Napoli, Italy (Naples)

June 9, 2010

We took a taxi…our driver, chatted in Italian the whole way, intermittently pausing to allow shana to pipe up in Spanish. I threw in random words here and there and a lot of laughter, giddy at the prospect of good food.

The driver pointed at himself and said Guiseppo and then pointed at me, then shana, repeating our names as we said them. Lizzie was in the back seat, still exhausted after her flight in (and 5 hour nap) and ravenous. It was 9pm, just getting dark, and we were finally venturing into the city. She mumbled her name, swallowing the “e” in Elizabeth so that Guiseppo heard lesbeta.

“lesbeta?” he repeated. “lesbeta? Dame e dame?”

What he was asking slowly dawned on us… “no, Elisabetha” shana chimed in with Italian pronounciation.

“ohhhh!” he exclaimed while we all laughed, unsure why he thought she would introduce herself as “lesbian” even if she was a lesbian.

No matter, we arrived and shana handed over €10 (we’re running through euro like water here) and prepared to exit. Guiseppo pointed to the money and said, “two more.” To this, lizzie began digging in her pocket while shana motioned for her to put it away.

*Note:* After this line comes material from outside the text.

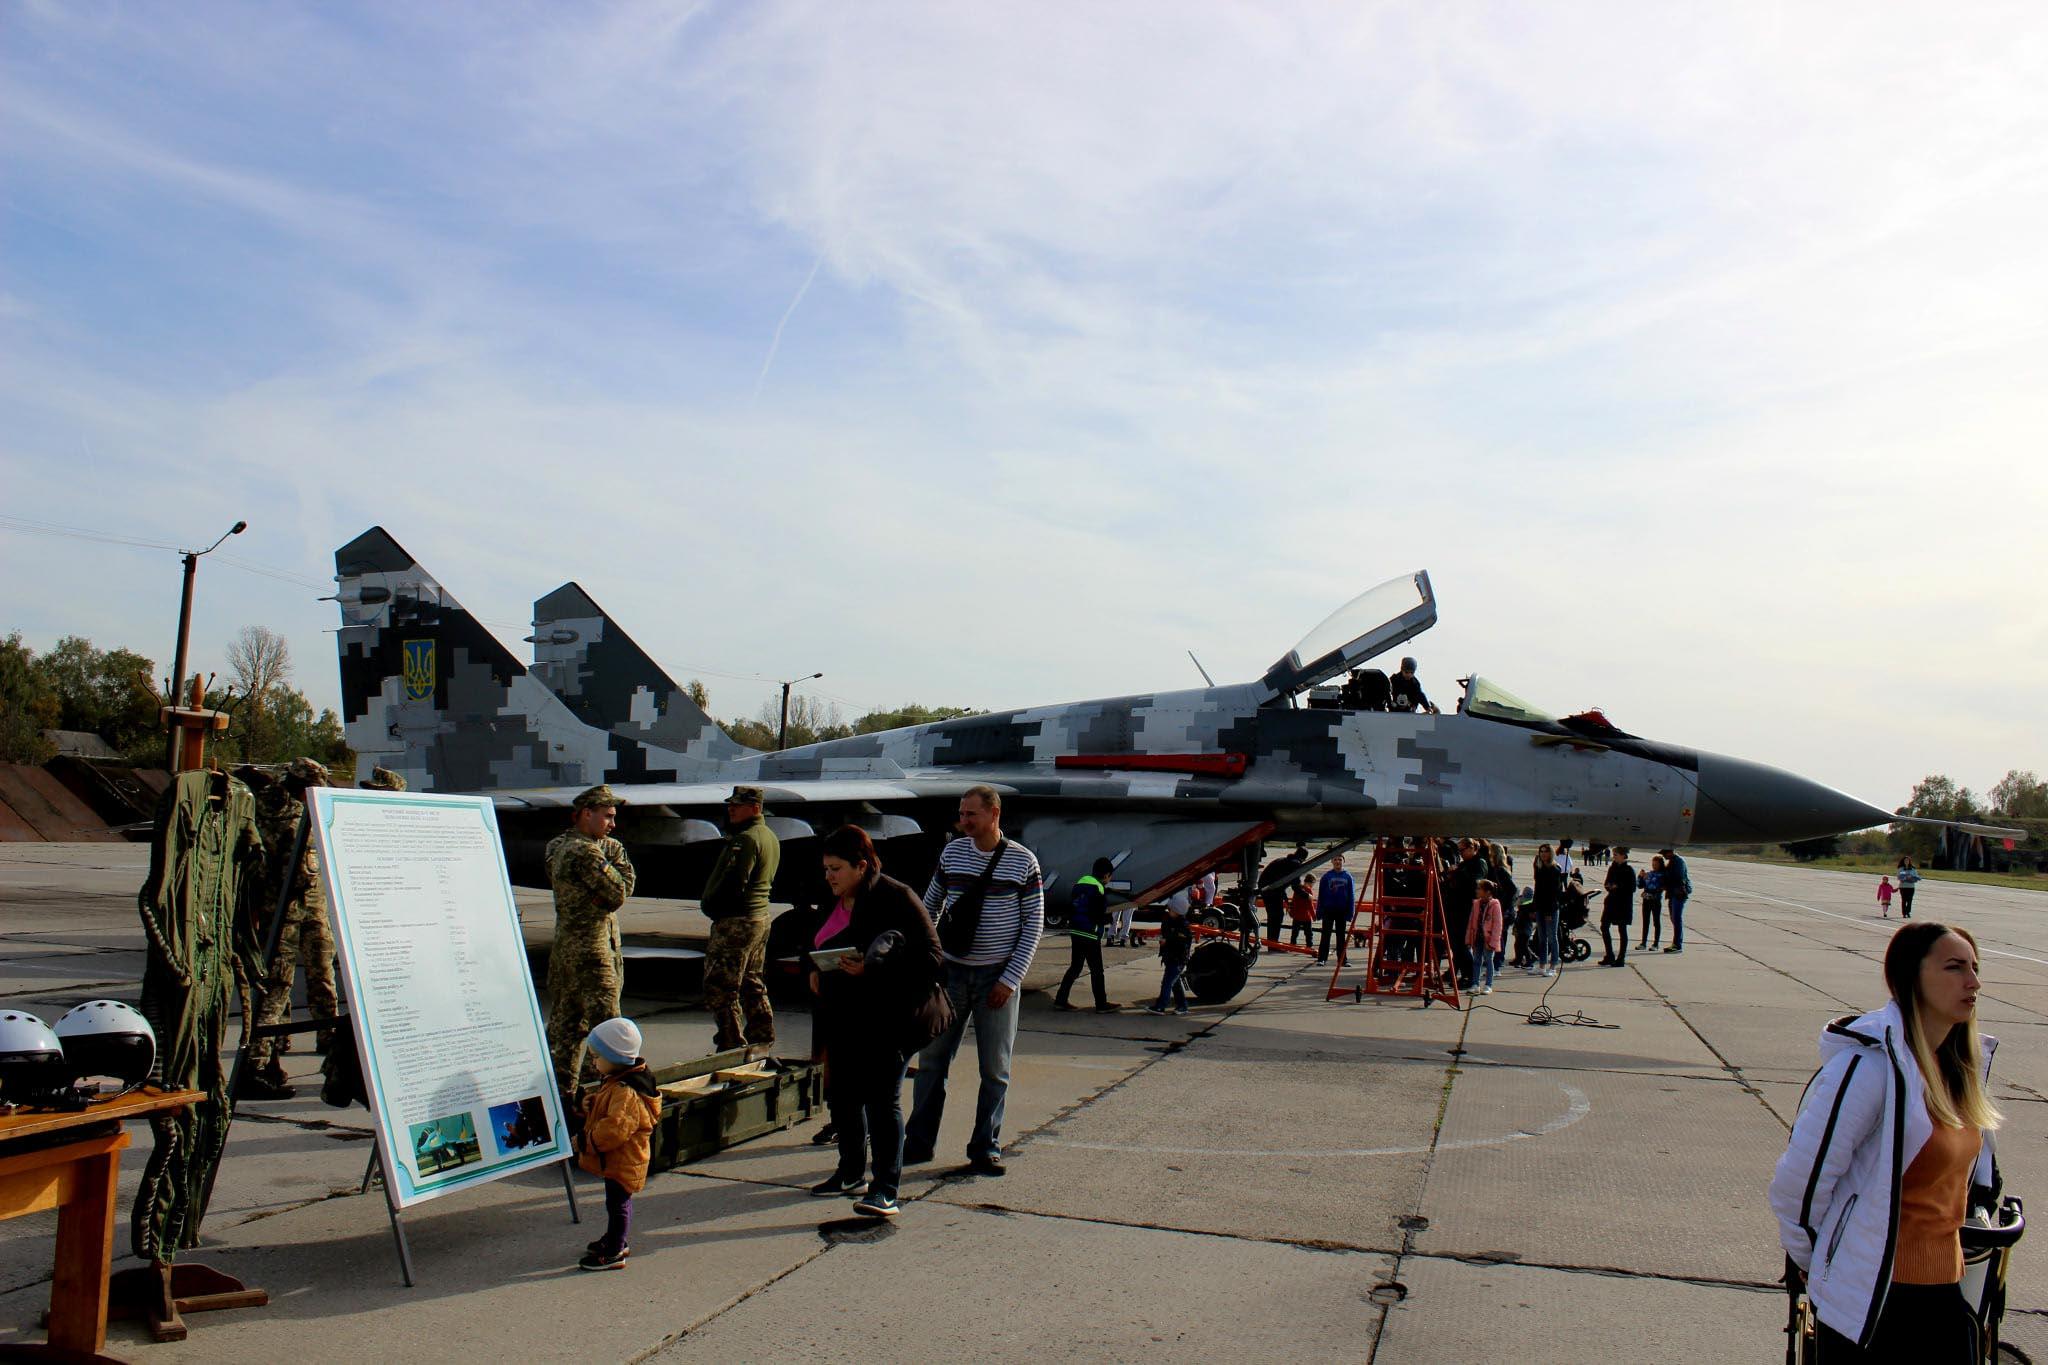 Івано-Франківські авіатори влаштували день відкритих дверей (ФОТО)

“so you’ll come back in two hours?” she asked with a 200watt smile. He answered with what we inferred to be that he would be off work then but reminded us that we must call him tomorrow to take us to the restaurant he suggested. We nodded enthusiastically and exited the car – €2 still in lizzie’s pocket.

Shana has a gift.

Of course the two euro reprieve does very little to remove the sting from our train ride down. We bought our tickets to naples from a machine in the station (complete with me assuming the machine had eaten my card only to discover – at the police officers’ we stopped insistence- it was in my wallet) for €31 for the three of us. Downright giddy. We headed to the train a few minutes before departure only to discover it packed to the gills…we searched frantically for any seats (holding little hope for three together) and finally found a cluster of three in one of the last cars.

We hunkered down and chatted together, catching up on the last few months and giving each other a hard time. A few stops in the ticket agent emerged. We gleefully handed him our ticket and he looked dour. He rapid fired Italian at us and gestured to our ticket. We kept pointing at the number three on there…making sure he saw that despite there being only one ticket it had three people on it. He snatched the ticket and walked away. When he returned he wrote down €50 and pointed at us.

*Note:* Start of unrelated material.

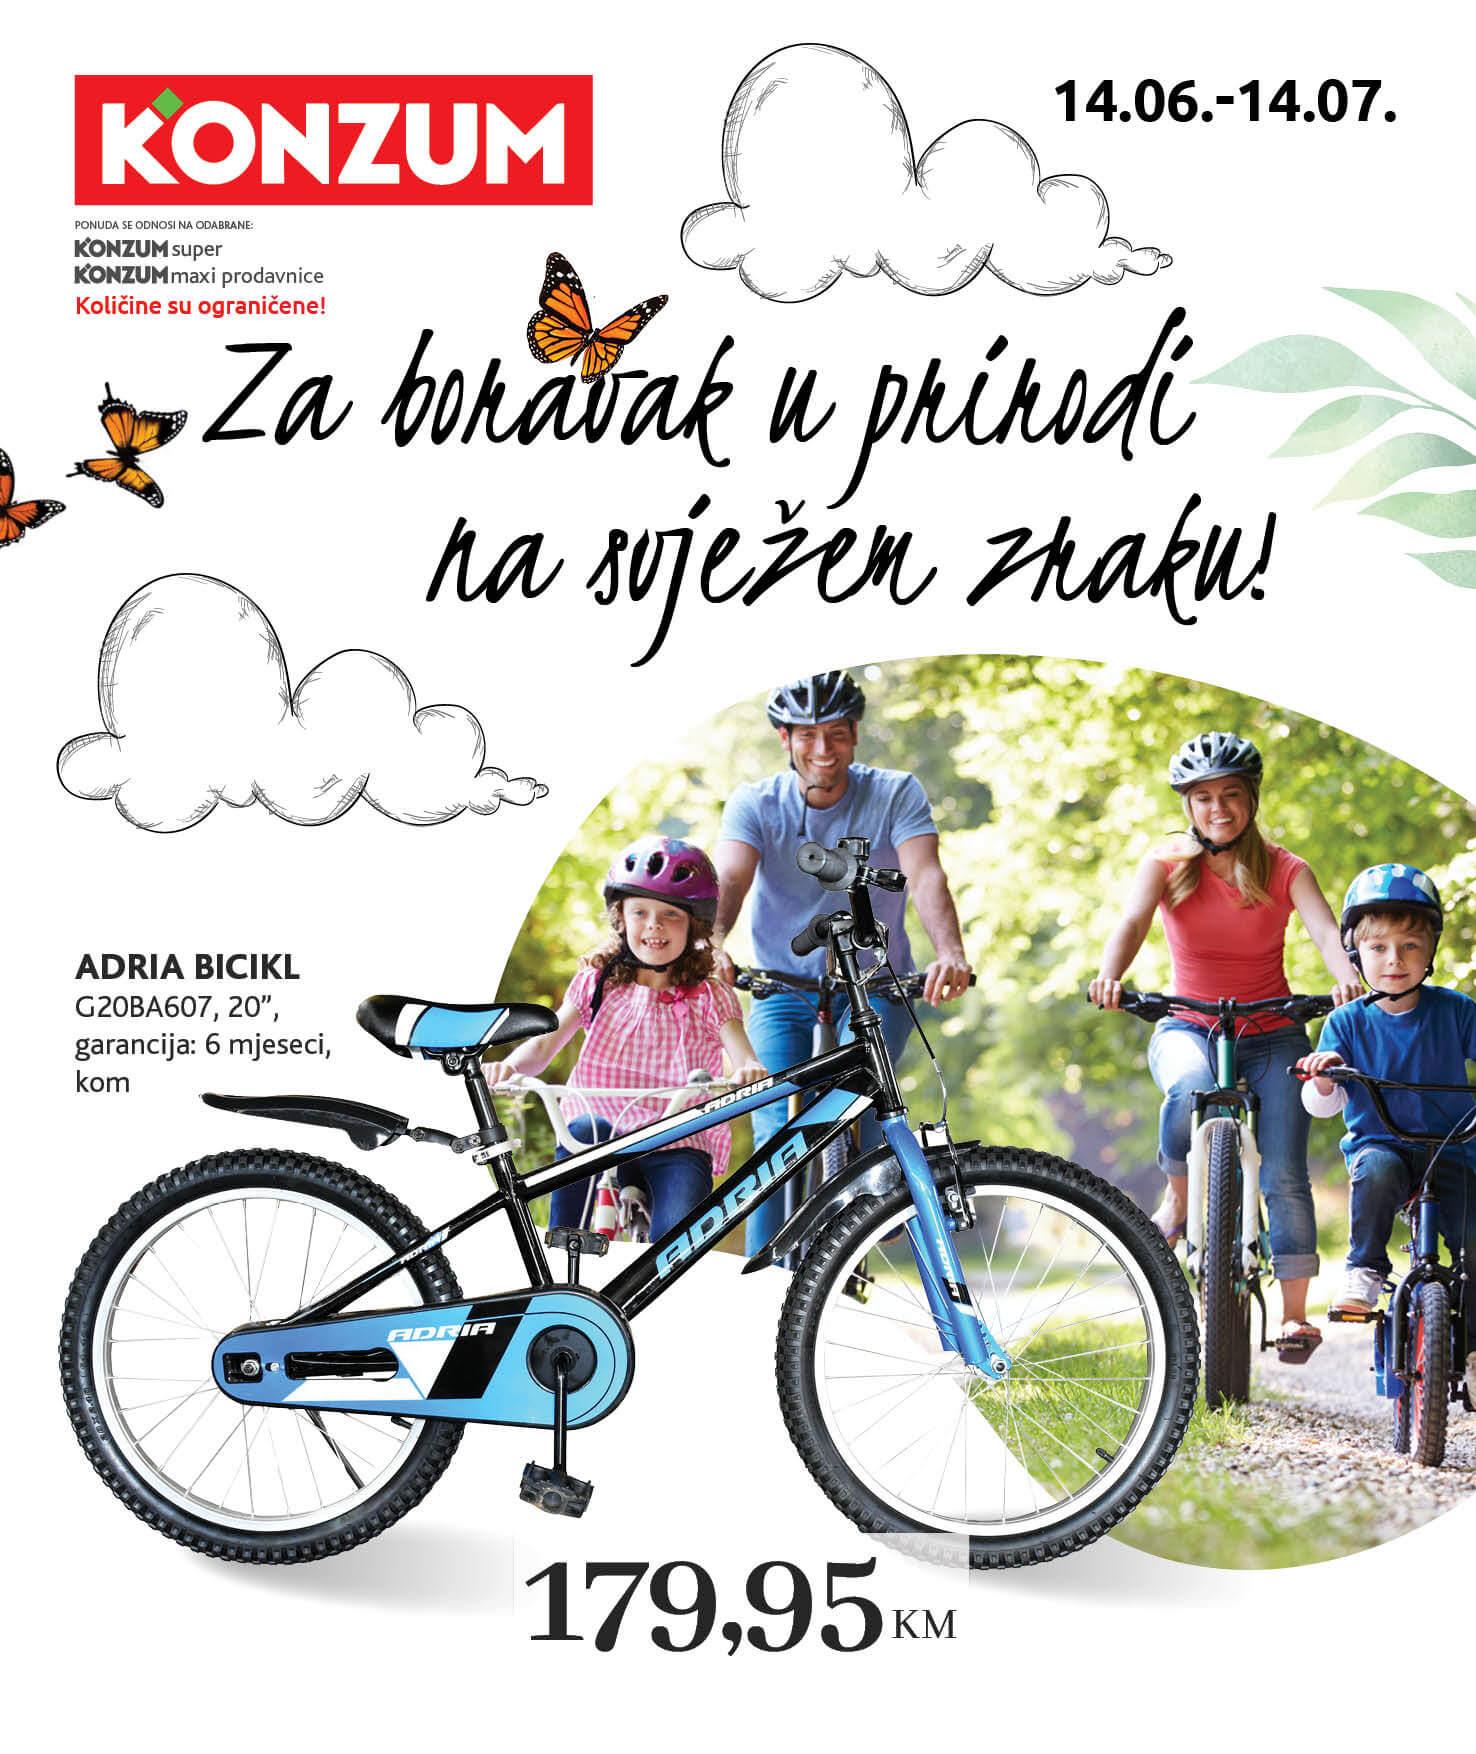 KONZUM Katalog Za boravak u prirodi JUN i JUL 2021 14.6. 14.7. eKatalozi.com PR Page 01

We owed money. As best as we can figure, the extra money was a fine for not having validated our ticket before we boarded. There are little yellow machines at each station and you stick your ticket in before you ride because the tickets themselves are good for a period of time. That was one hell of a lesson to learn…from rough $12 to about $35 tickets…just like that. It was a bitter pill to swallow.

Still…finally seated at an Italian restaurant, Italians (not tourists) all around us, we scanned the menu and prepared to order. Water, a glass of wine for lizzie, antipasto (some kind of cold stuffed eggplant, and assorted peppers and tomatoes with basil and oil), and of course bread (which was not bad like everyone warned me it would be).

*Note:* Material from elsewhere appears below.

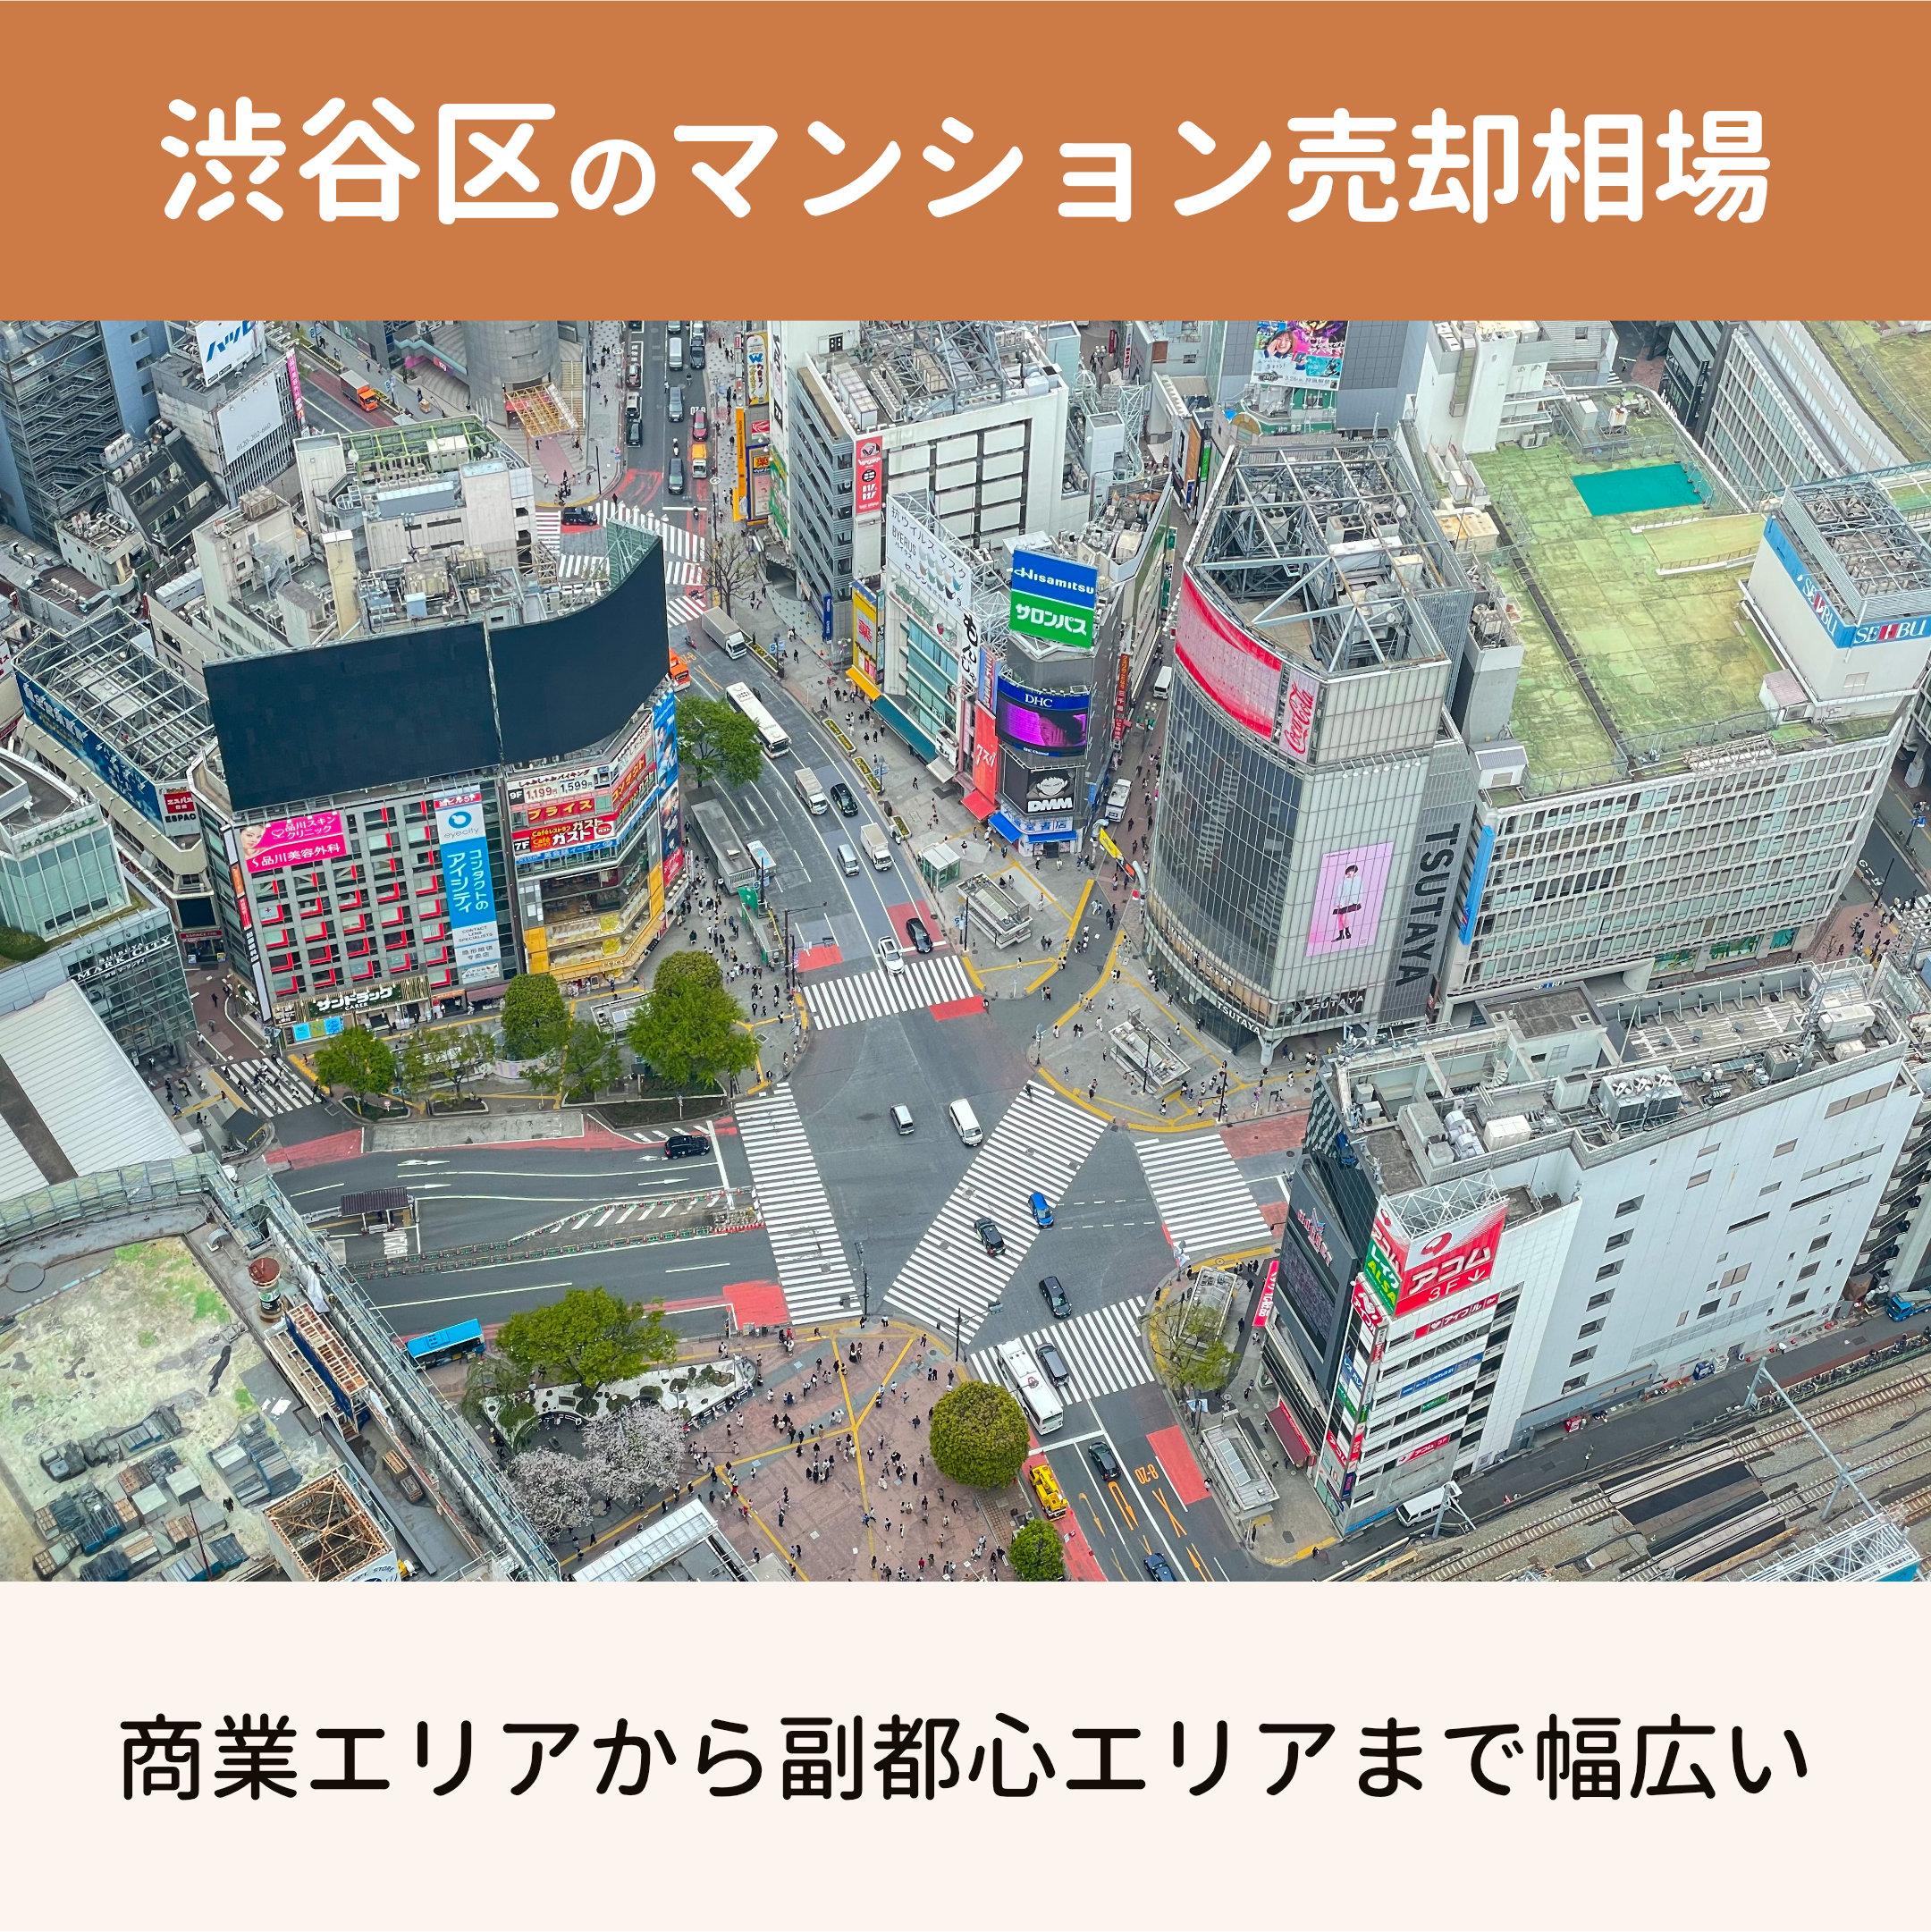 マンション売却相場 渋谷区

We were off to a roaring good start, everyone trying all the dishes and smiling with gastronomic delight. Then we ordered our next course…gnocchi with mozzarella for lizzie and myself and spaghetti with tomatoes for shana. Hers – light and the taste of summer, ours – dense and superbly textured with a mild tomato sauce accented by a generous helping of parmesan cheese.

But we weren’t finished. Fruit had been wafting by our table and so we ordered fruit. Huge chilled wedges of sweet watermelon emerged, followed shortly after by some kind of homemade donuts dusted heavily with sugar.

I was beyond full. Happily patting my bloated belly and basking in the foreignness of the feeling of – not just fullness – but satisfaction. We are early in our trip…still figuring out how it will unfold, what we will do and where we will eat…I am cautiously optimistic that my food fantasies might actually come to fruition.